(Requirement) Restate the data below word for word, and let no image into your version.

(Supplied information)
──────────

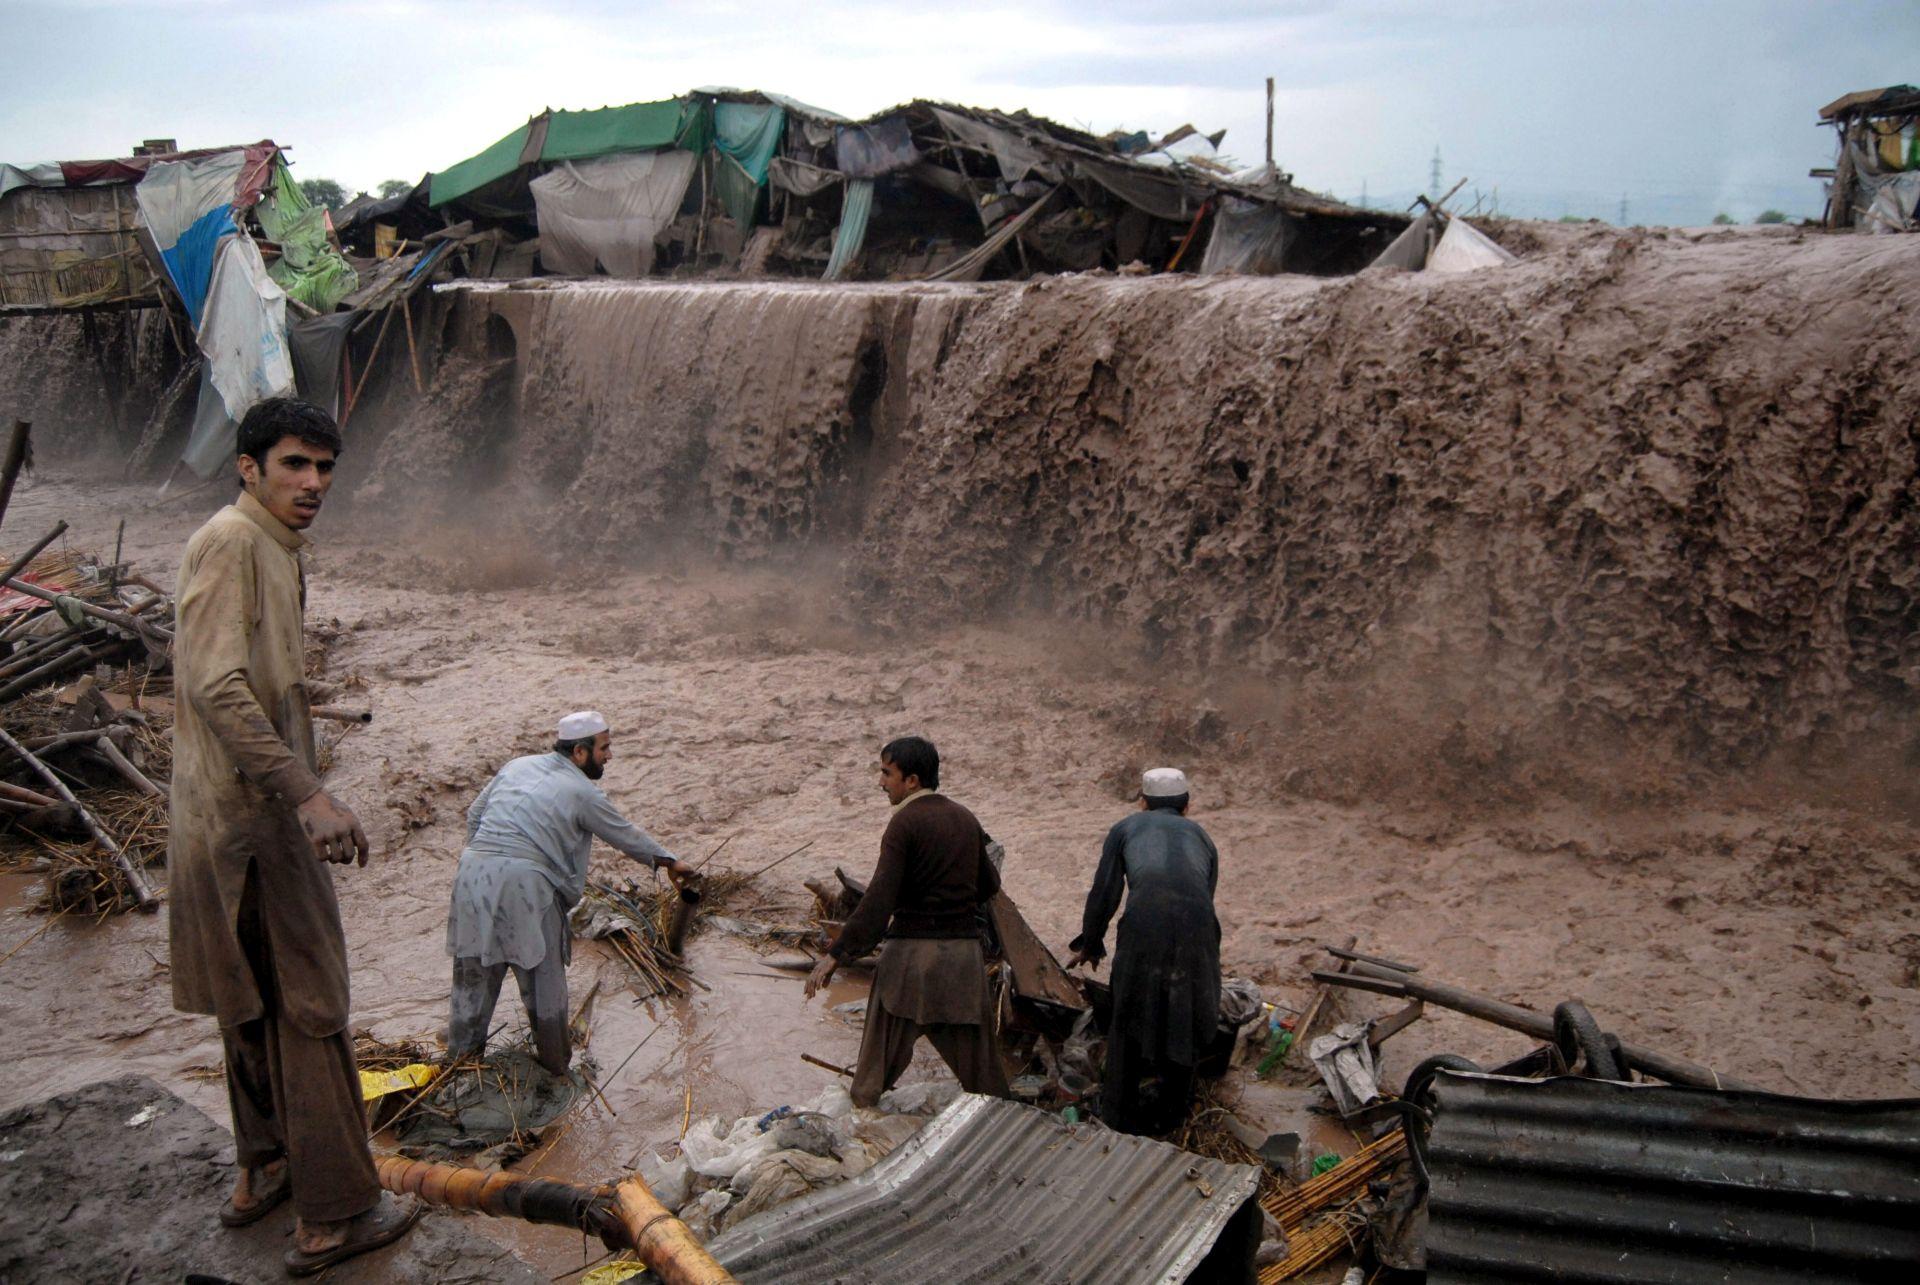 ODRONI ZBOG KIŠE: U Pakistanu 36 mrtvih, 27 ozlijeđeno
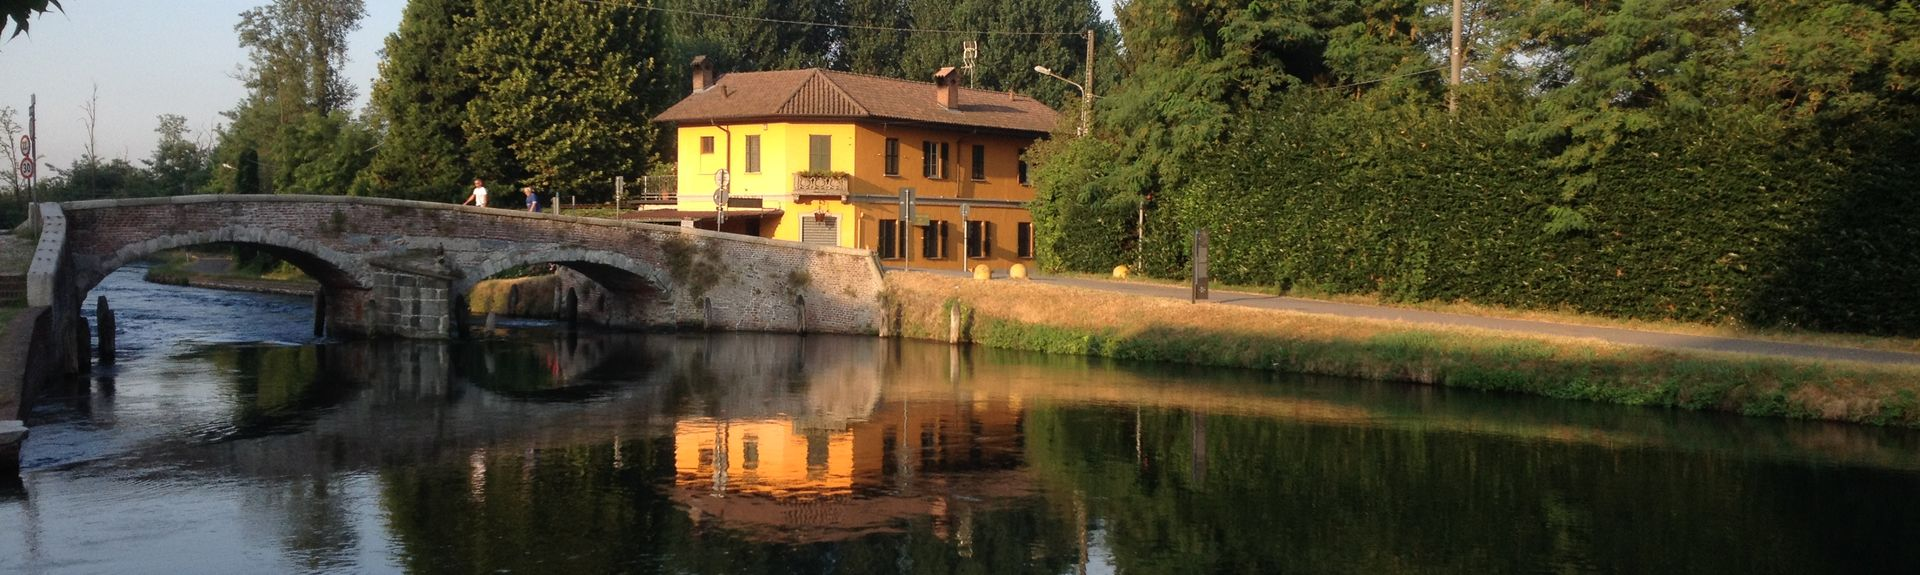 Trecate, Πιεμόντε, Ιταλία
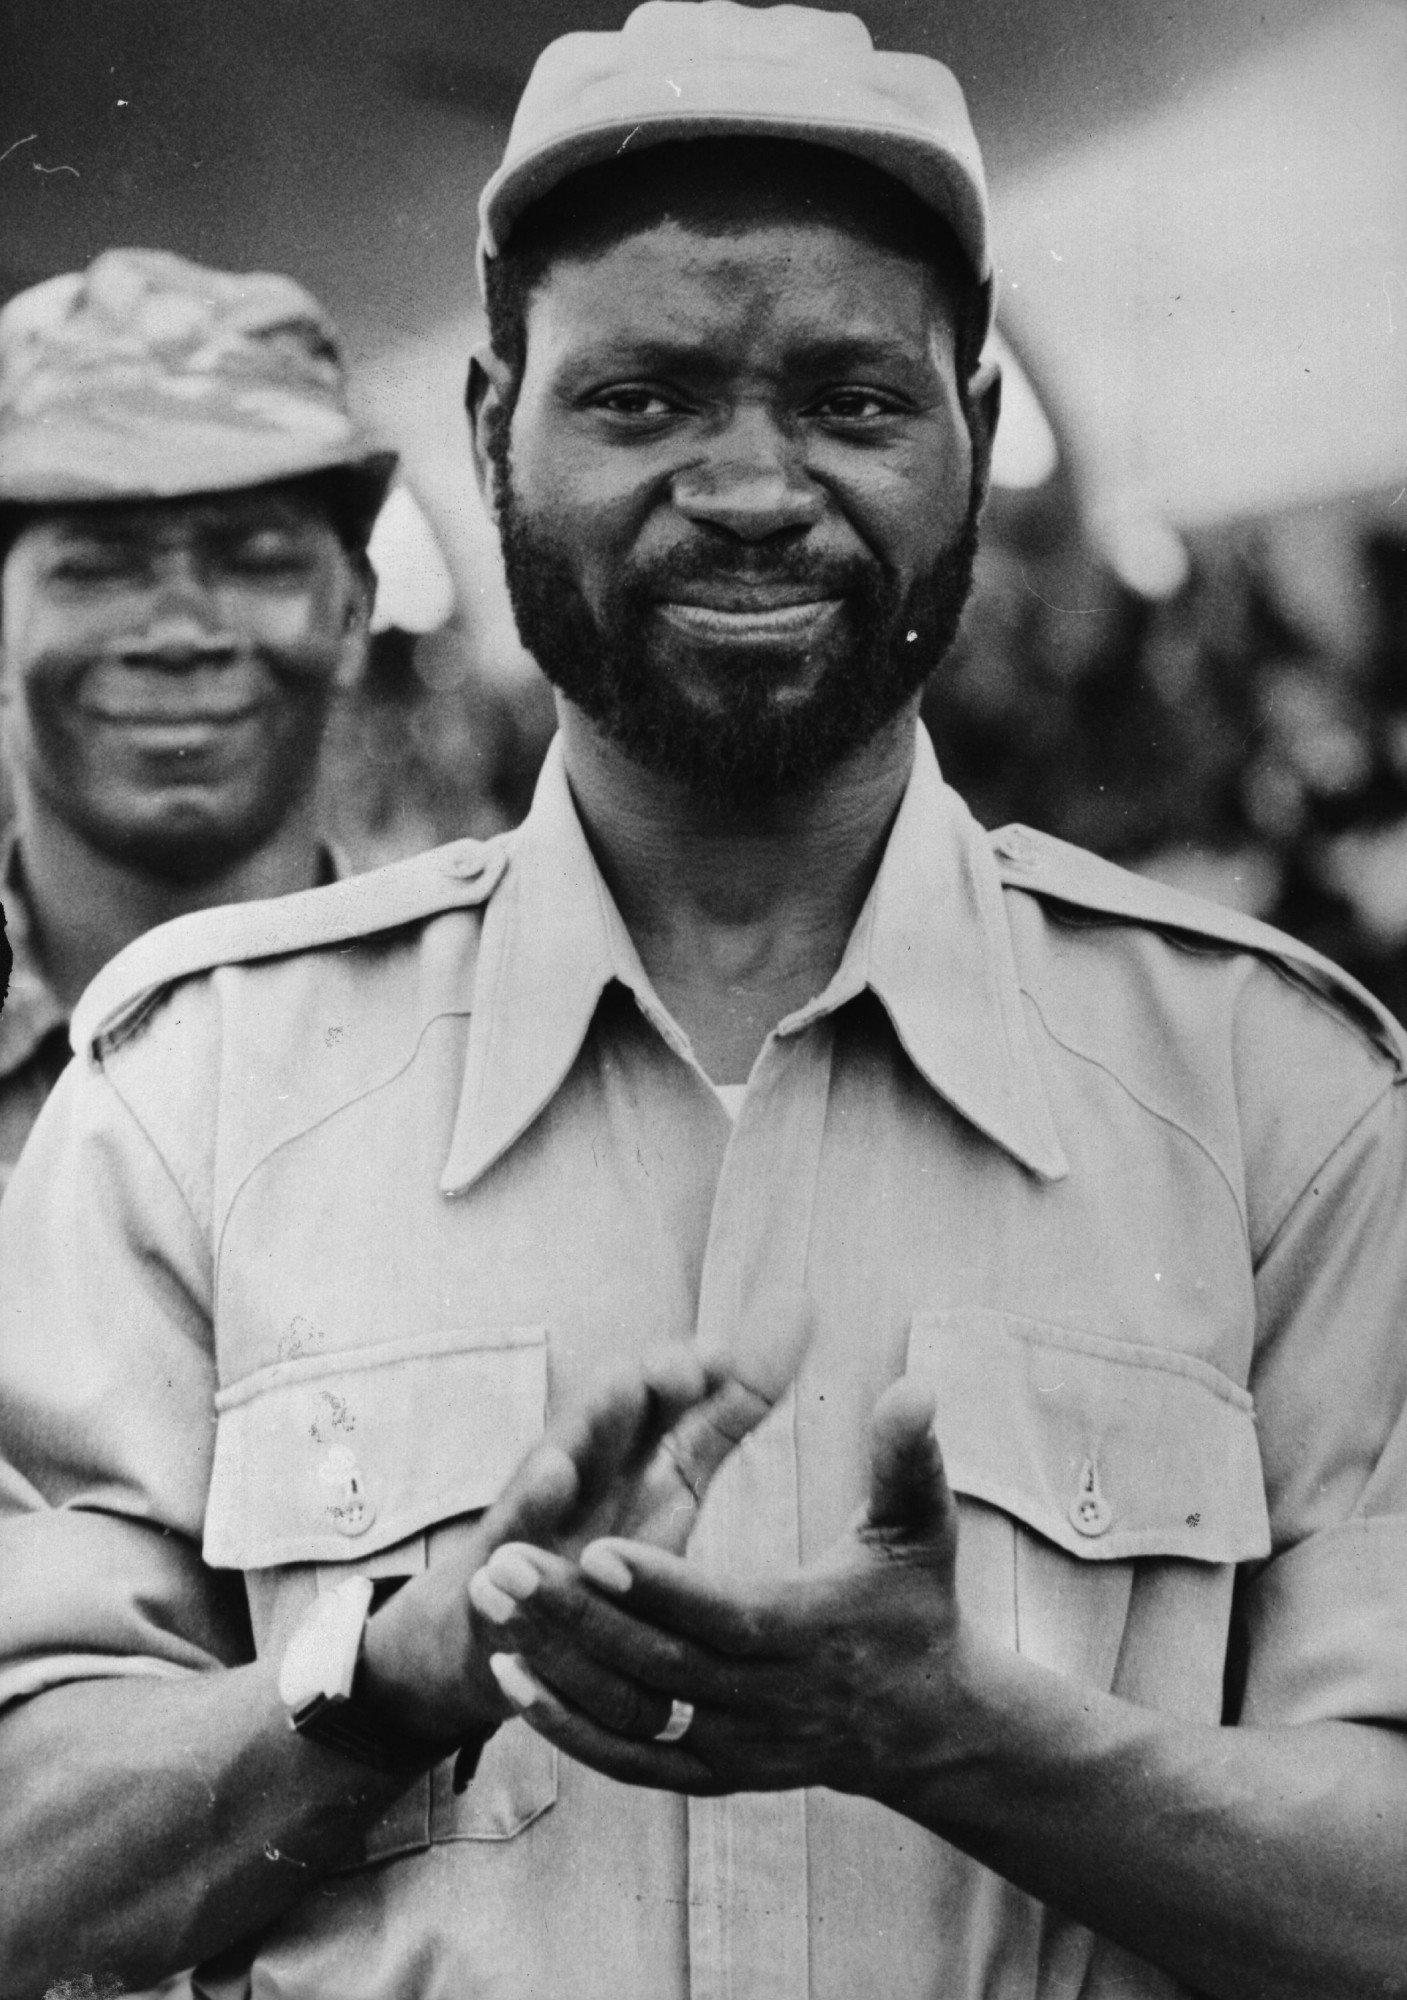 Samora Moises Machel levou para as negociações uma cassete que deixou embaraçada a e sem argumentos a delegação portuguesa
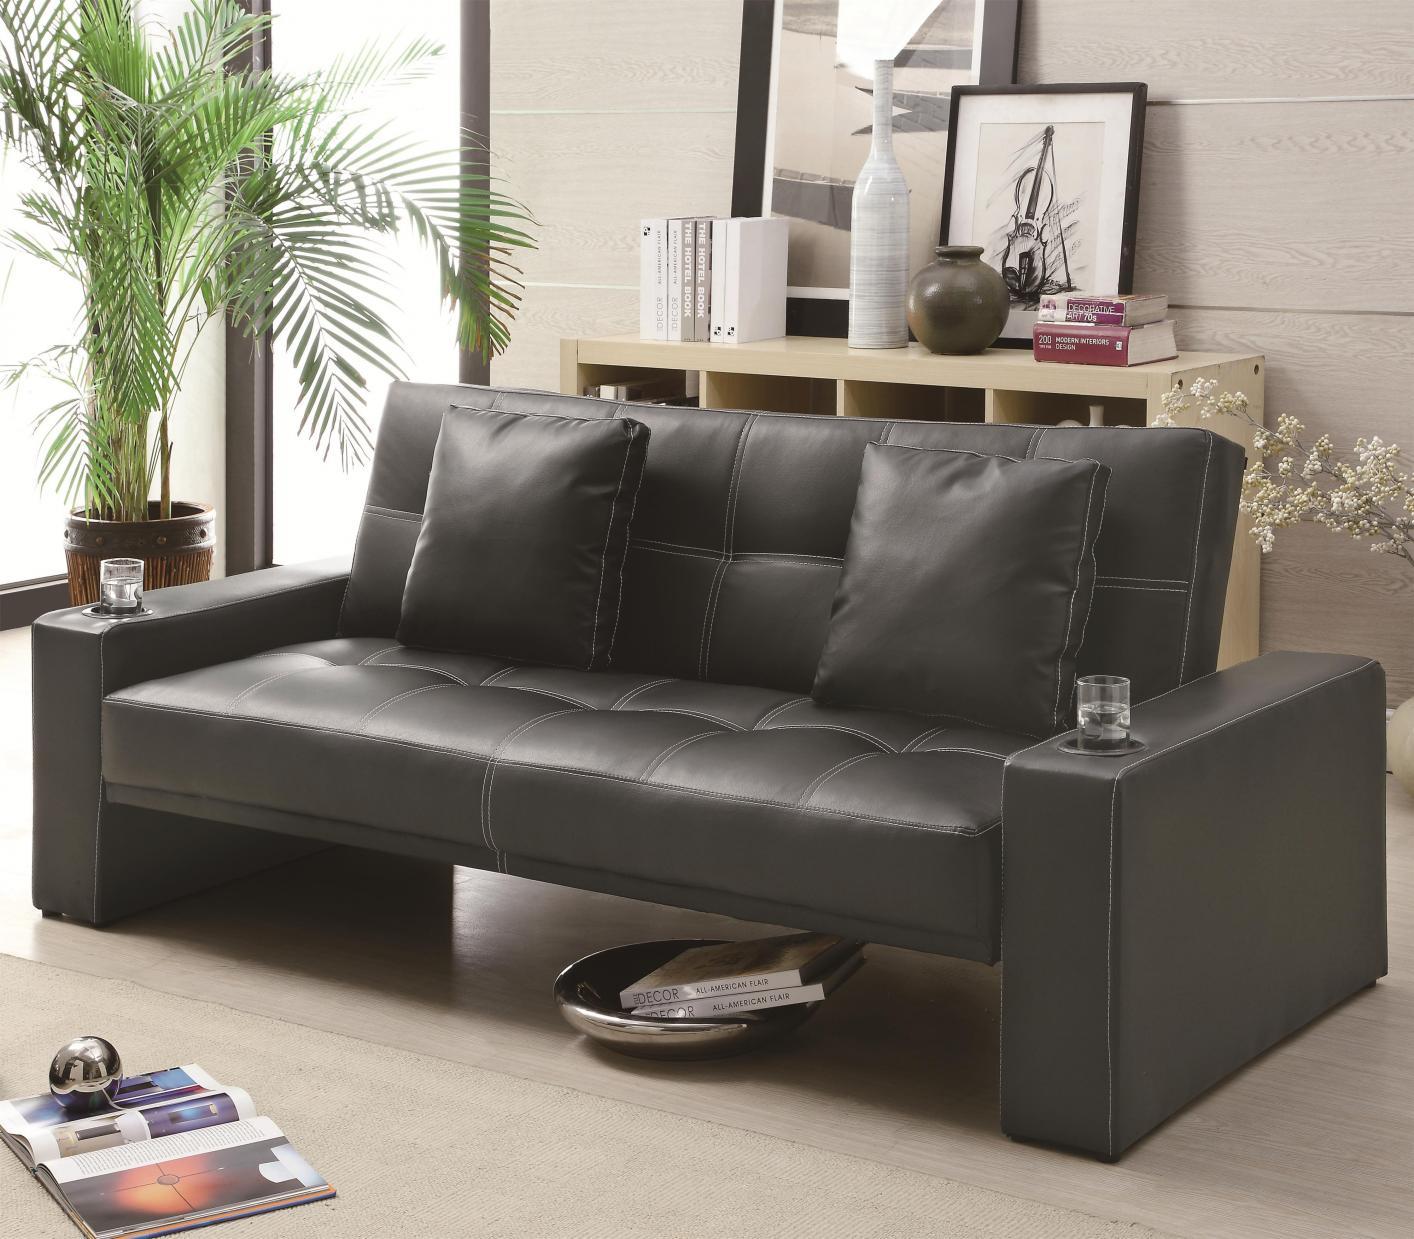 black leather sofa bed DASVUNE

──────────

(Your solution)
 ODRONI ZBOG KIŠE: U Pakistanu 36 mrtvih, 27 ozlijeđeno
 Trecate, Πιεμόντε, Ιταλία
 Samora Moises Machel levou para as negociações uma cassete que deixou embaraçada a e sem argumentos a delegação portuguesa
 black leather sofa bed DASVUNE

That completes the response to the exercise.